Action item ::
Given these entries, repeat exactly the lines starting with the one that has "A bowl filled" and going on through the one that has "Real Gold Plate Chain Link Necklace", both included, but none of the pictures.

Recorded data ::

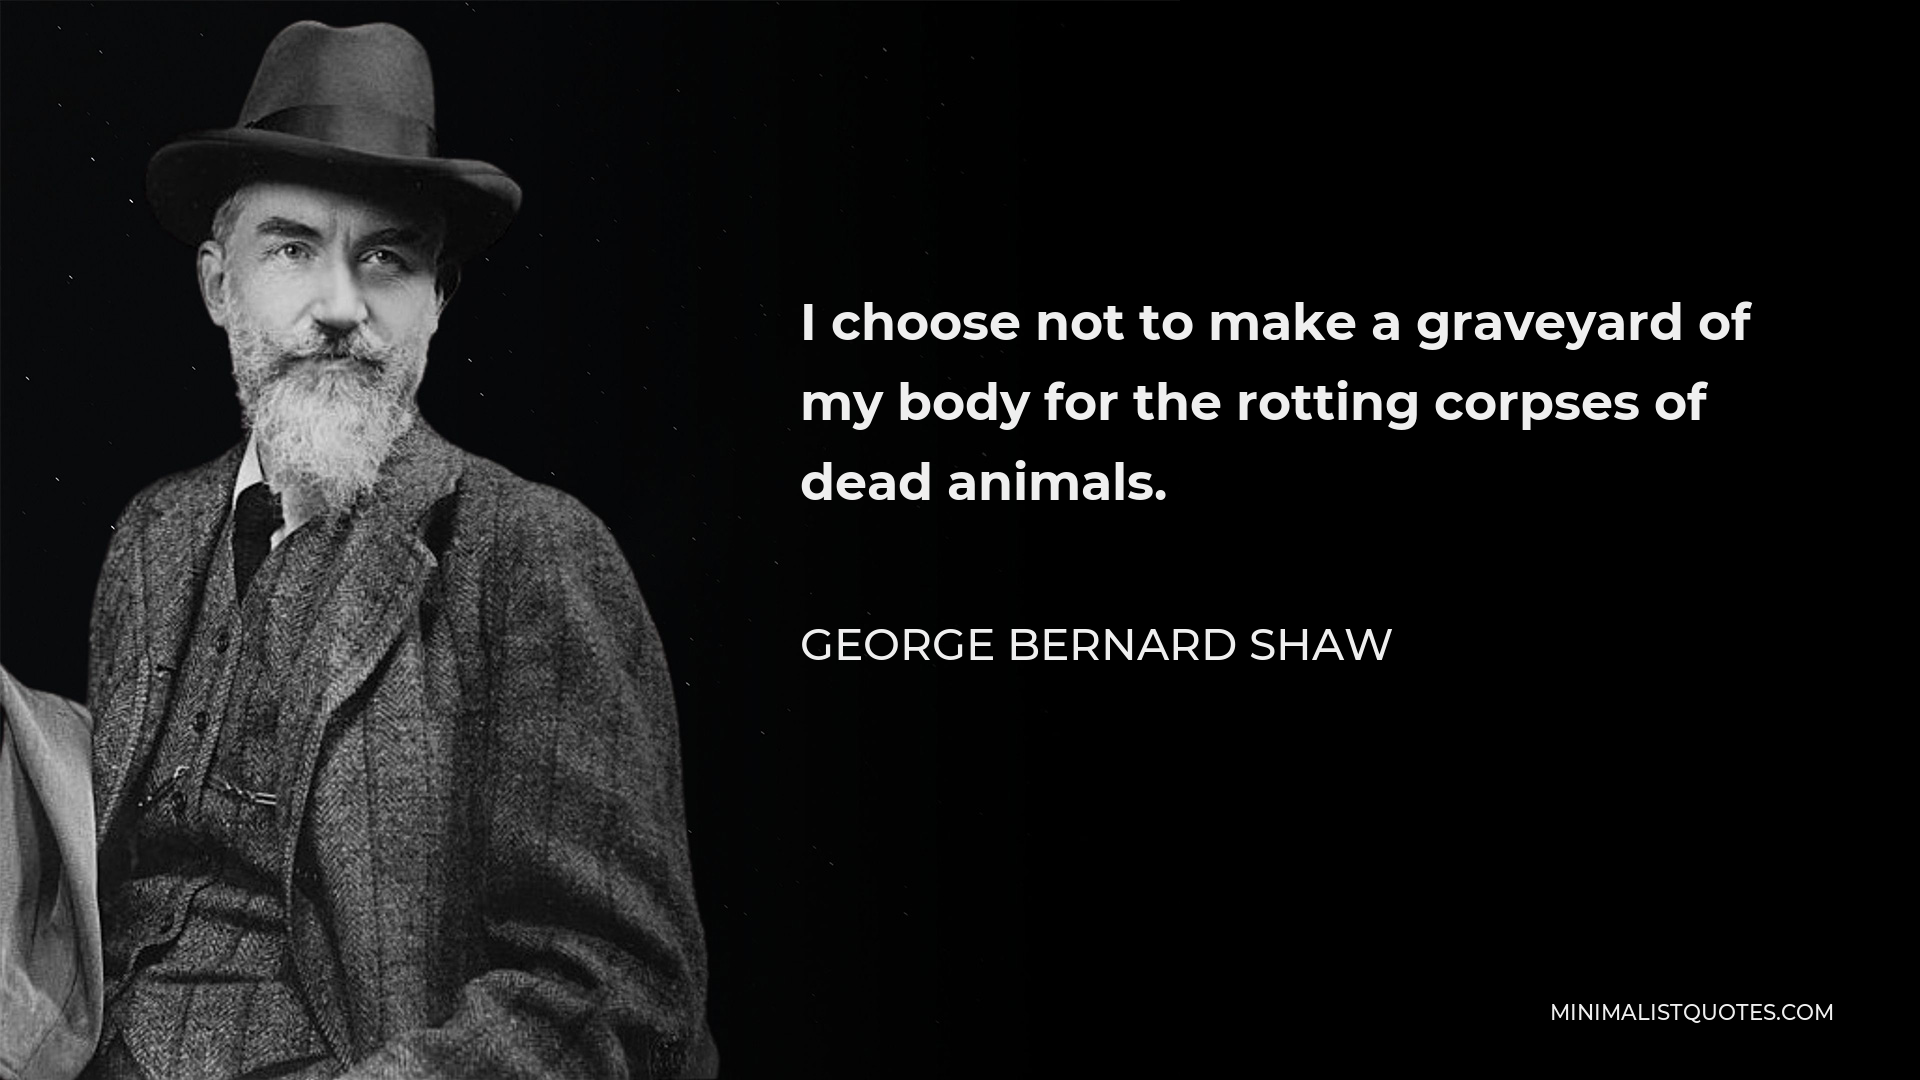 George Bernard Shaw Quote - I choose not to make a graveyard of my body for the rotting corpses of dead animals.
--
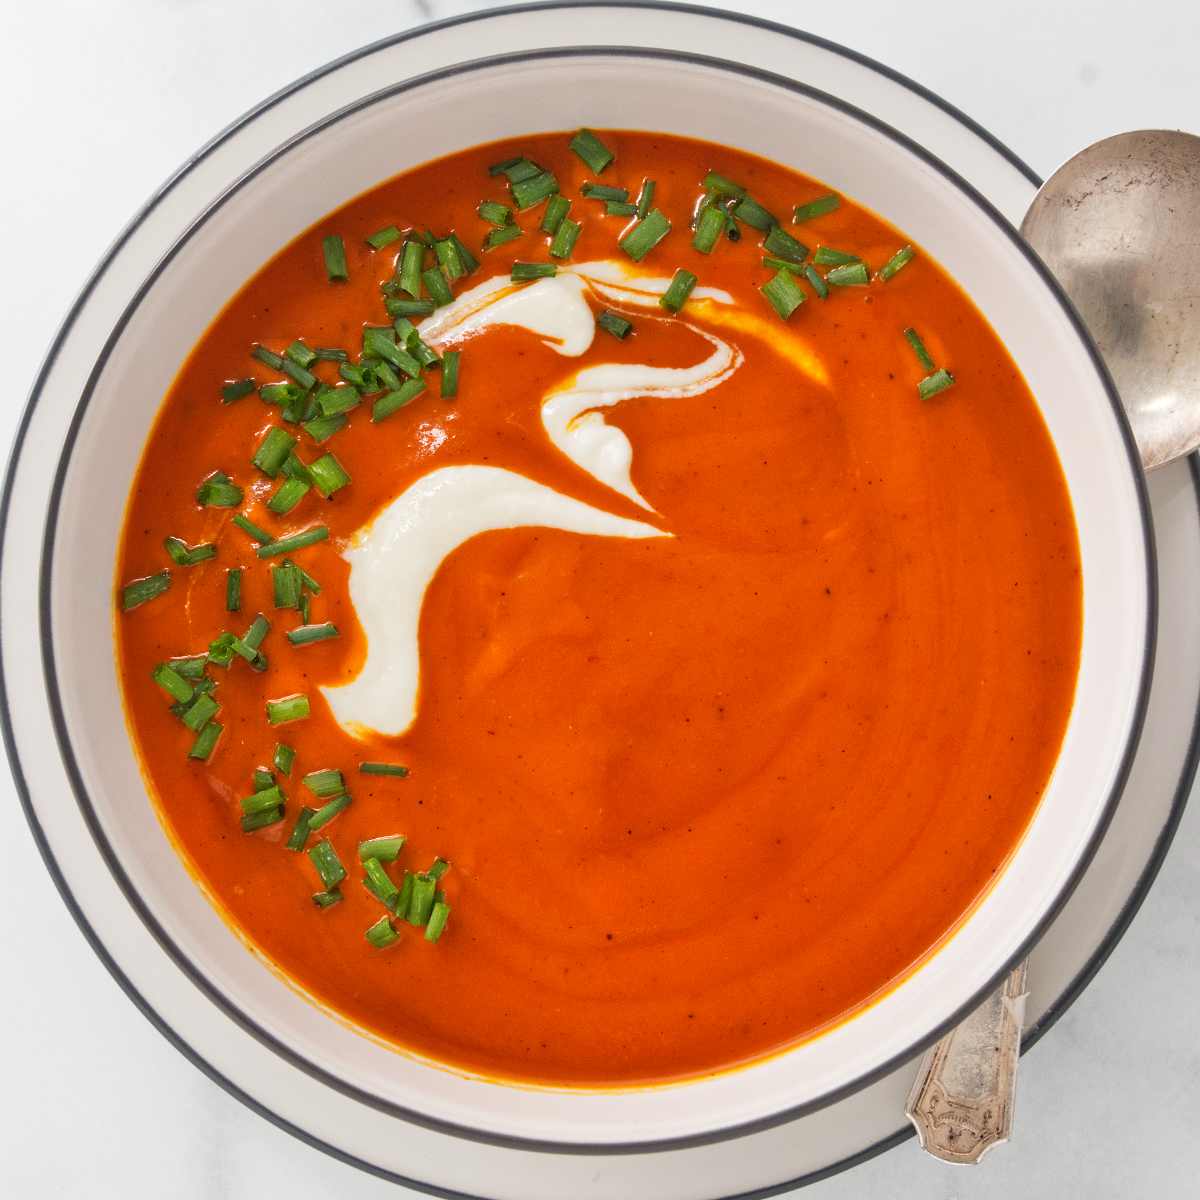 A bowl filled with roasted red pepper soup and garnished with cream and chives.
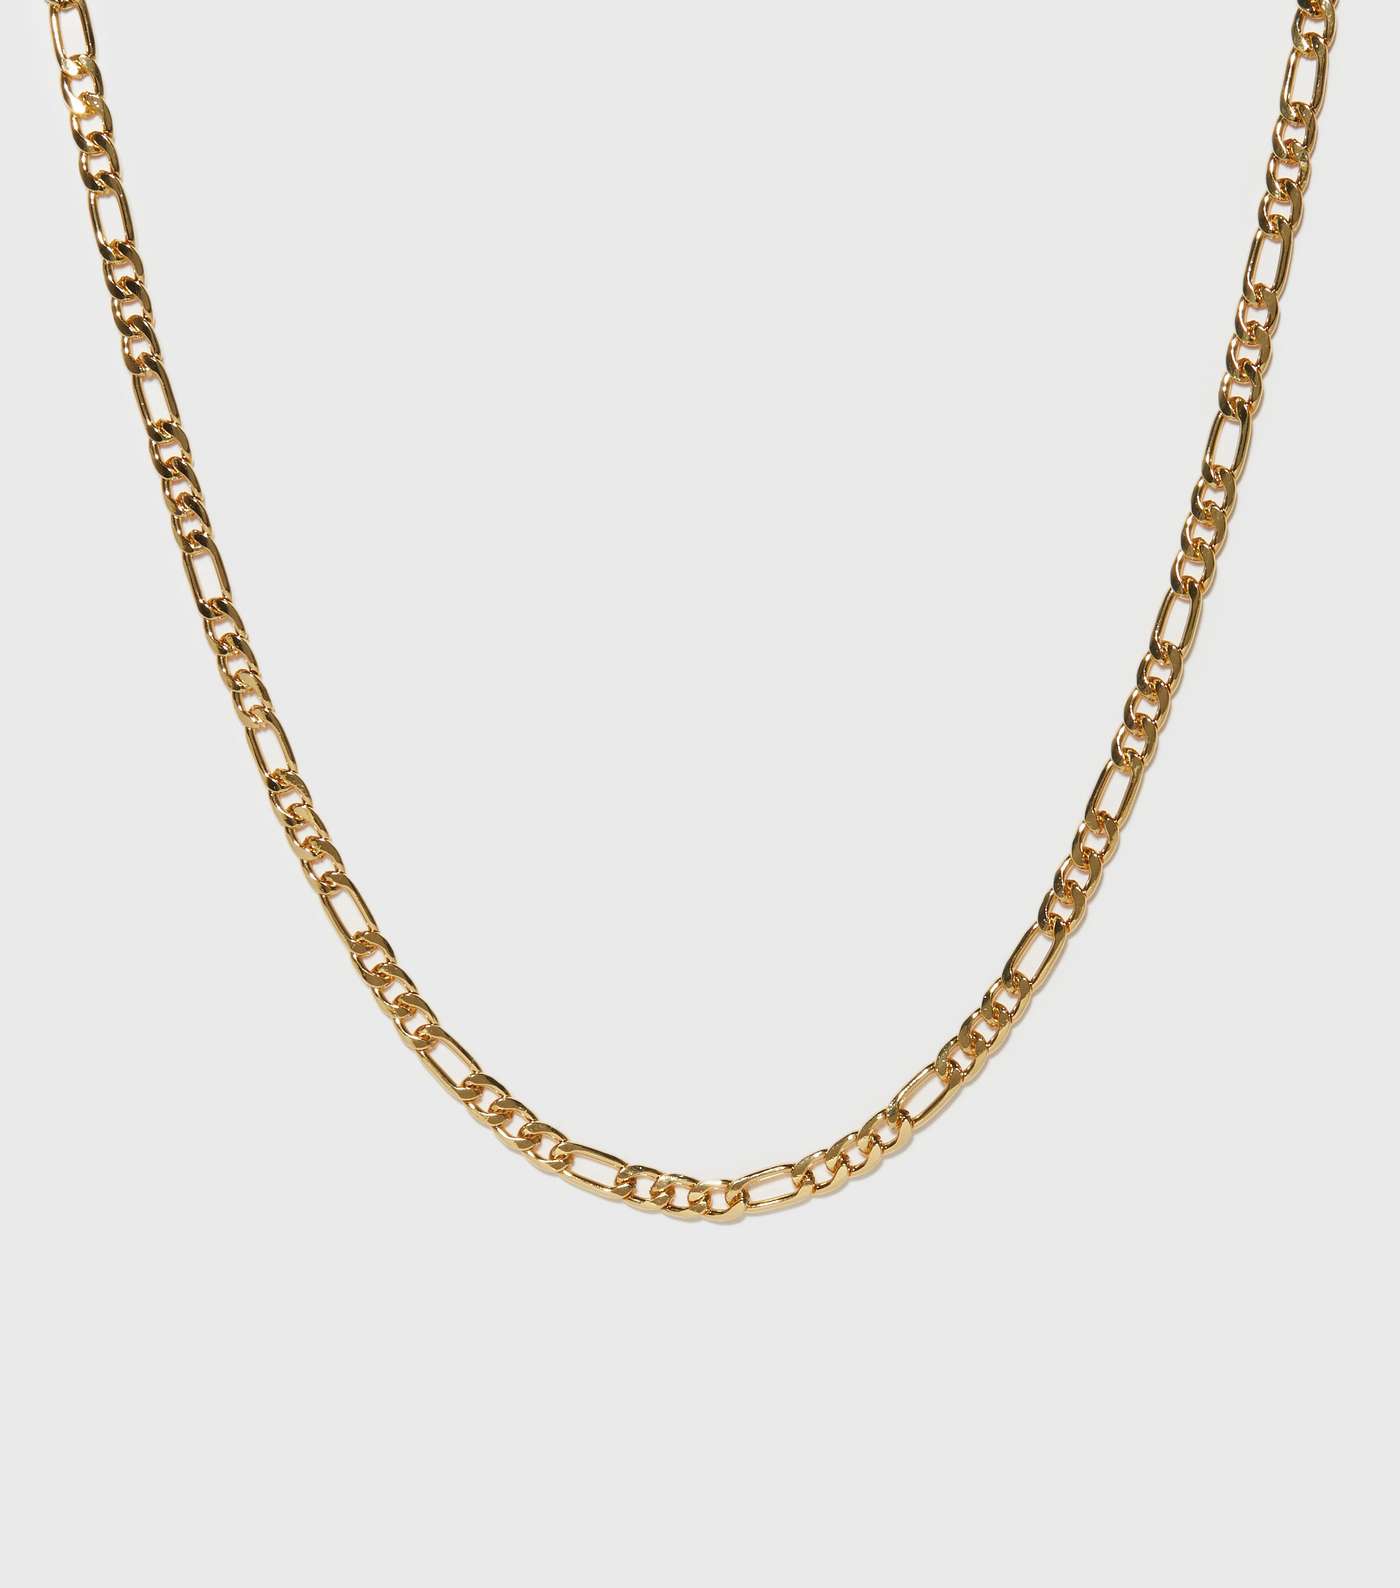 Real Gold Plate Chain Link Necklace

Answer box ::
 A bowl filled with roasted red pepper soup and garnished with cream and chives.
 Real Gold Plate Chain Link Necklace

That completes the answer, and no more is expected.